The present invention relates to a kind of preparation method of color potato dry plate, belong to potato processing technique field.This method includes selecting, clean, removing the peel, cutting into slices, rinsing, color protection, drying, preserves, and the present invention carries out the color retention of color potato piece by the way of steam treatment, can reach in short-term and the good purpose of effect of color protection;Meanwhile it be 1.5mm 2mm that applicant obtains suitable slice thickness through research, the potato block under this thickness, dry later flatness and potato chips color and luster are preferable.Thus, color and luster made from preparation method of the present invention is beautiful, rich in anthocyanidin, can it is fried, boil to eat, can also break into powder and be added into wheat flour and make color steamed bun etc., application easy to spread.

Description

A kind of preparation method of color potato dry plate
Technical field
The invention belongs to potato processing technique field, and in particular to a kind of preparation method of color potato dry plate.
Background technology
Potato is both cereal crops and industrial crops, is generally planted all over the world.Contain kind in color potato The anthocyanin that class is enriched, not only makes potato meat that tempting color be presented, and also with anti-oxidant, anti-inflammatory, bacteriostasis, anti-aging, resist The physiological activity such as cancer effect and the protective effect to liver, to cardiovascular and cerebrovascular and eyesight, is a kind of natural health food, tool There is good dietotherapeutic function;The potato dry plate processed can not only preserve for a long time, and it is edible when it is on-demand, can Fried, boiling is directly edible, can also break into powder and be added into making color steamed bun etc. in wheat flour, before having good market Scape.

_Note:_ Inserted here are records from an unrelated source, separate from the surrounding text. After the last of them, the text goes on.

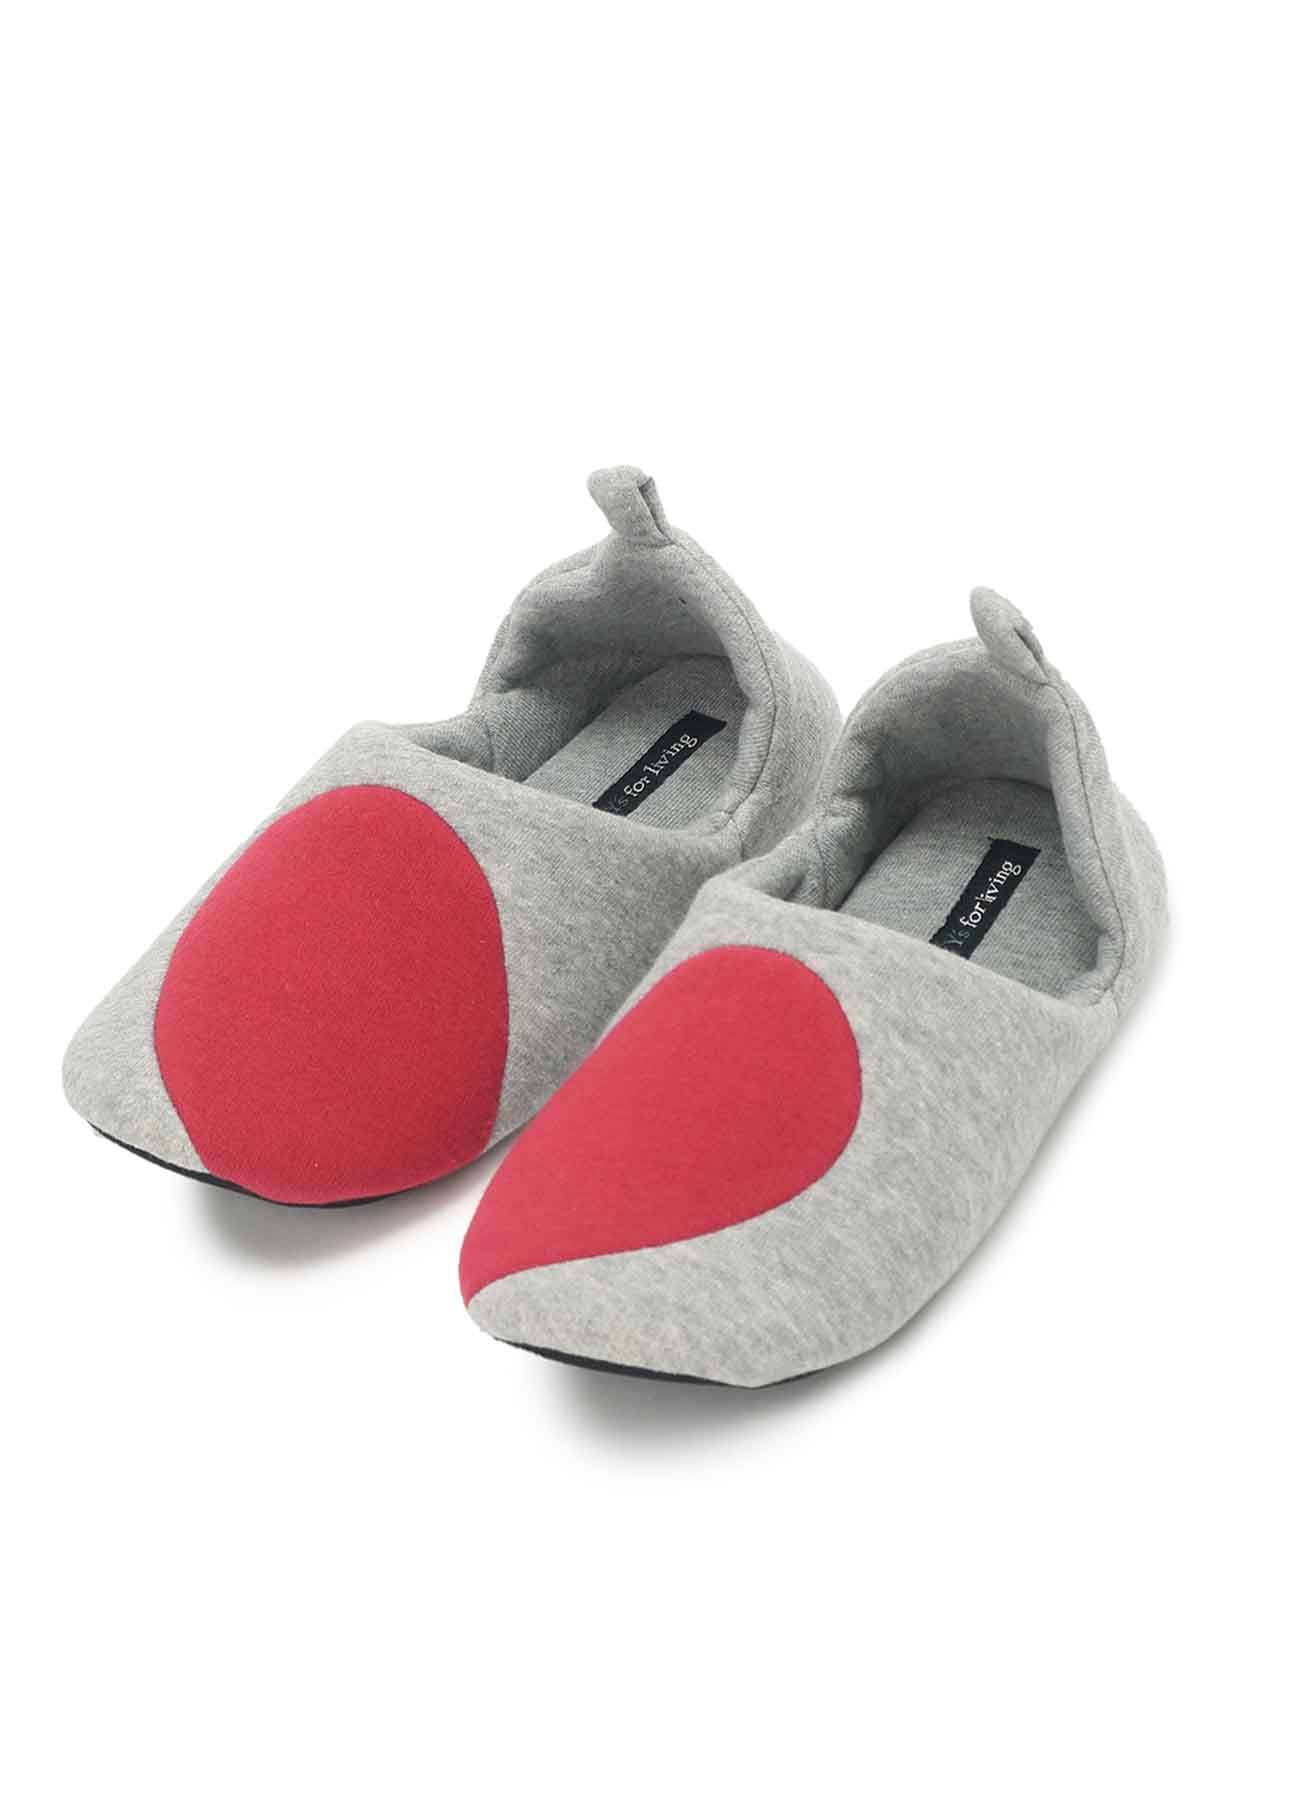 HEART ROOM SHOES (M)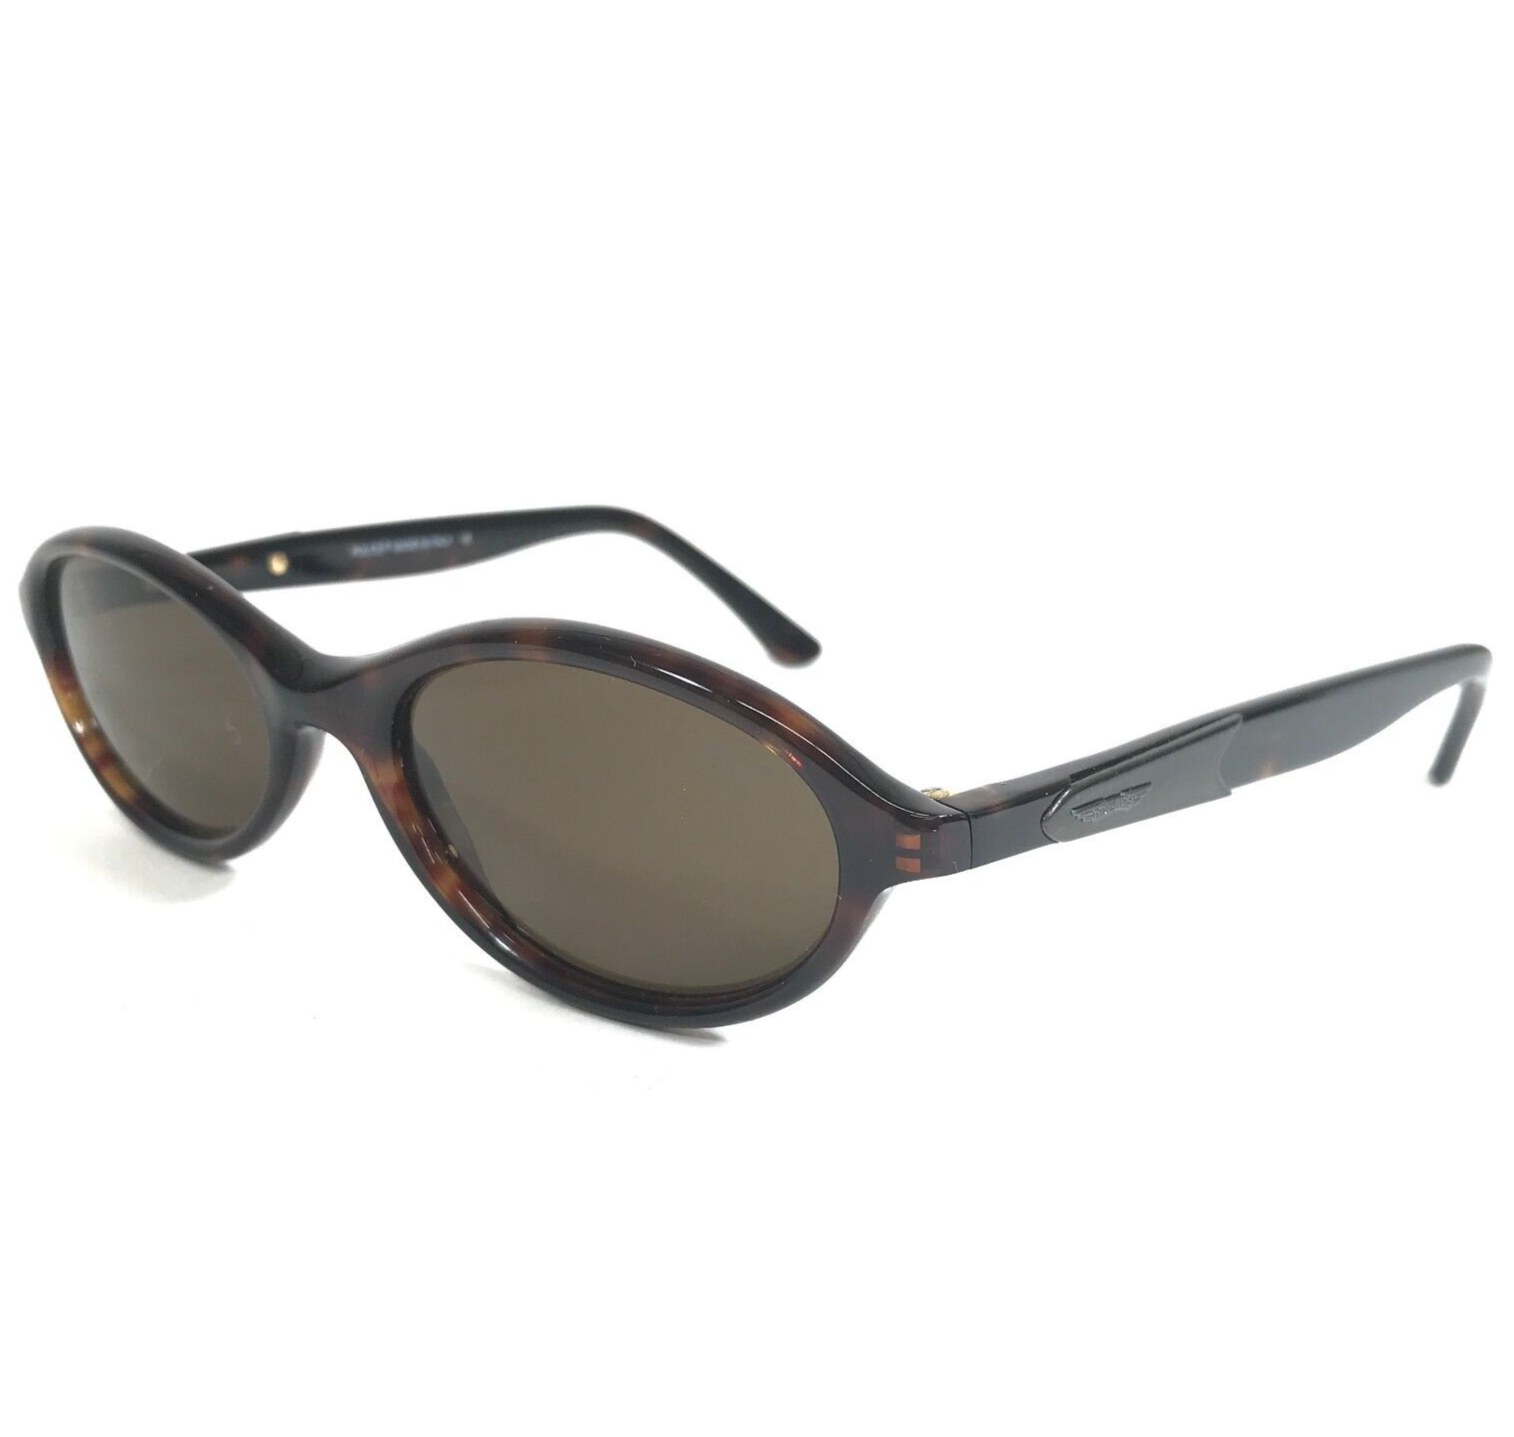 Primary image for Police Sunglasses MOD.1263 COL.722 Tortoise Gray Round Frames with Brown Lenses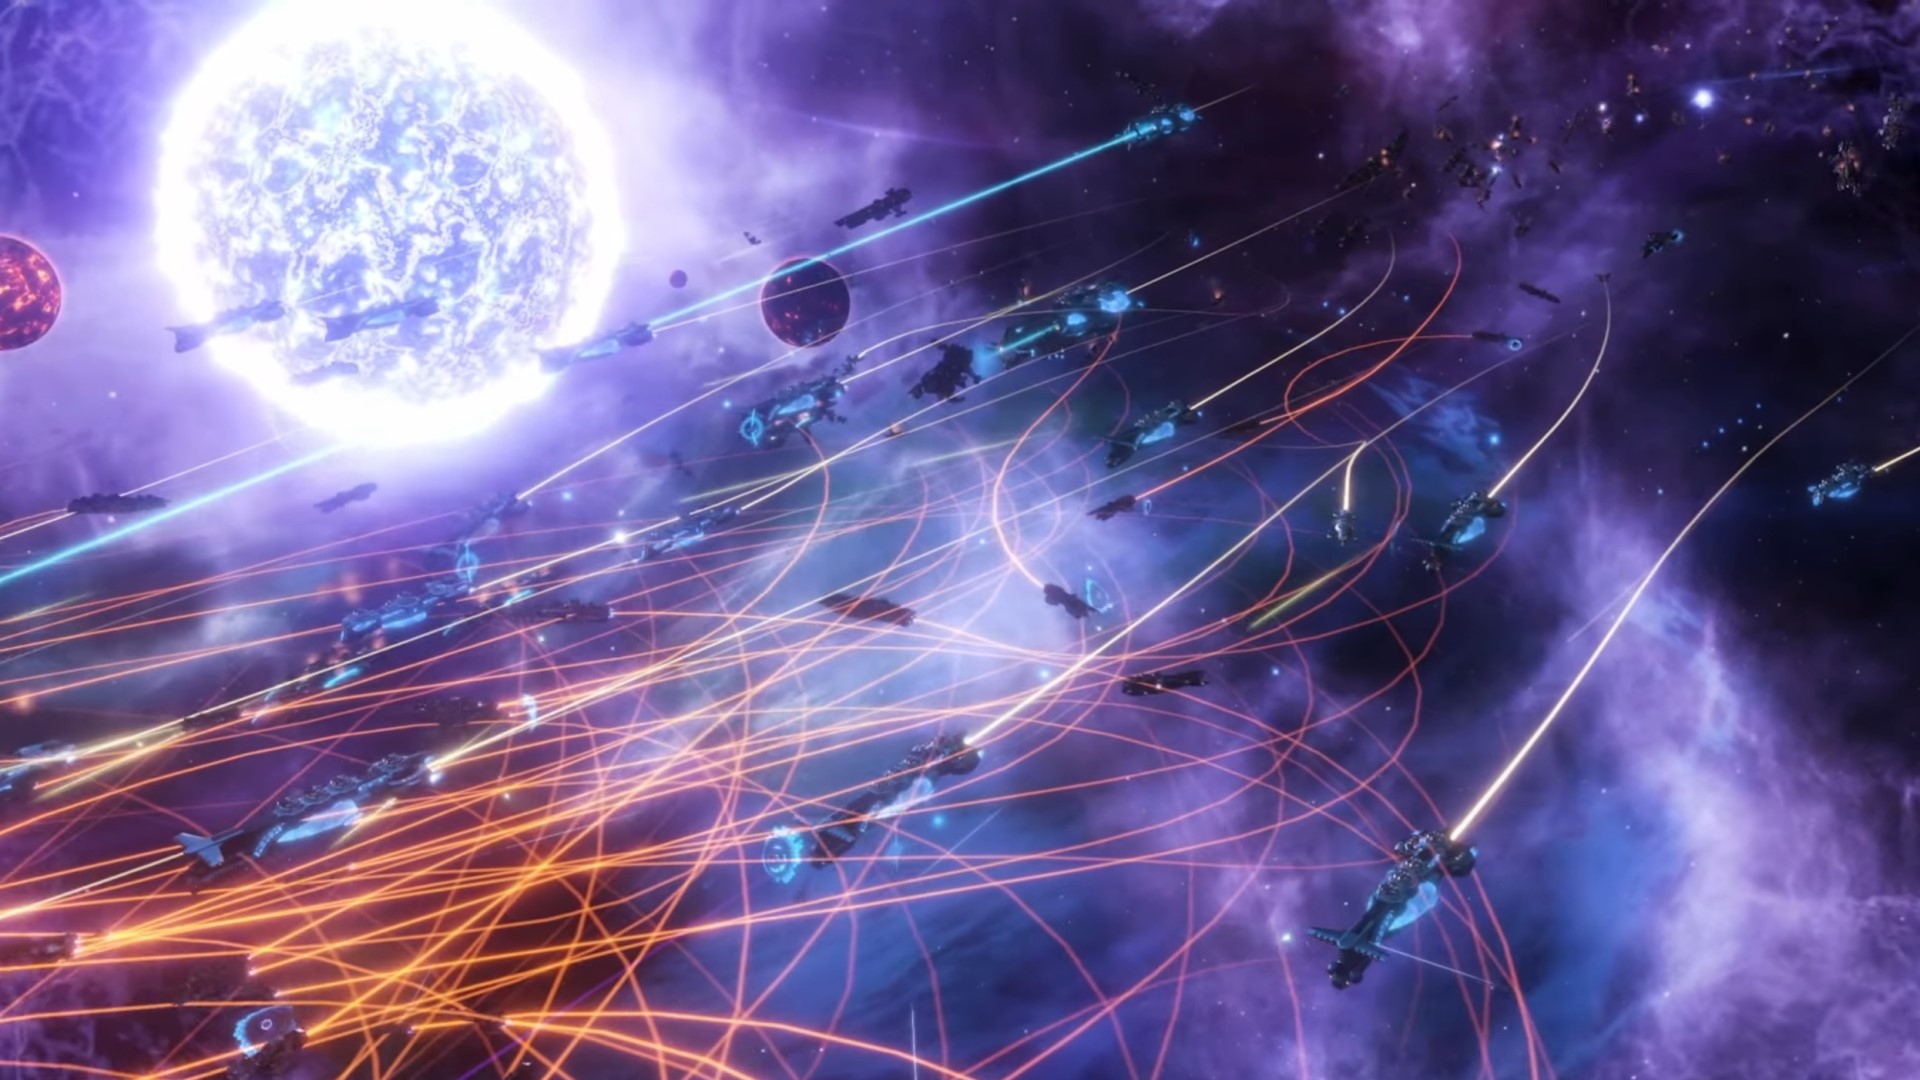 Stellaris Overlord director says rushed features led to bugs

At present, color potato dry plate receives the heat handful of masses, but in the preparation process of color potato dry plate, Following problem can usually be run into:(1)Slice thickness:The slice thickness of potato dry plate not only influences the mouth of color potato Sense and quality, also have vital influence, thickness is too thick, manufactured colour Ma Ling to the color and luster of color potato dry plate finished product Potato chips color and luster is dark, low in glossiness;Section is too thin, and color potato potato chips color is shallower, and potato chips poor flatness;(2)Rinsing, Color protection:To avoid potato enzymatic browning, need to rinse and carry out color retention as early as possible after section.Traditional color protecting method has Two kinds:One kind is hot water blanching, and another method is acid color protection(Ascorbic acid, citric acid etc.), both approaches can all lead Cause anthocyanin loss.(3)Preserve:The anthocyanidin being rich in color potato can occur anti-with the oxygen in air and vapor Should, cause the content of anthocyanidin to decline, oxidation resistance reduction, this greatly reduces the quality of color potato dry plate.Therefore The problem of how overcome the deficiencies in the prior art is current potato processing technique field urgent need to resolve.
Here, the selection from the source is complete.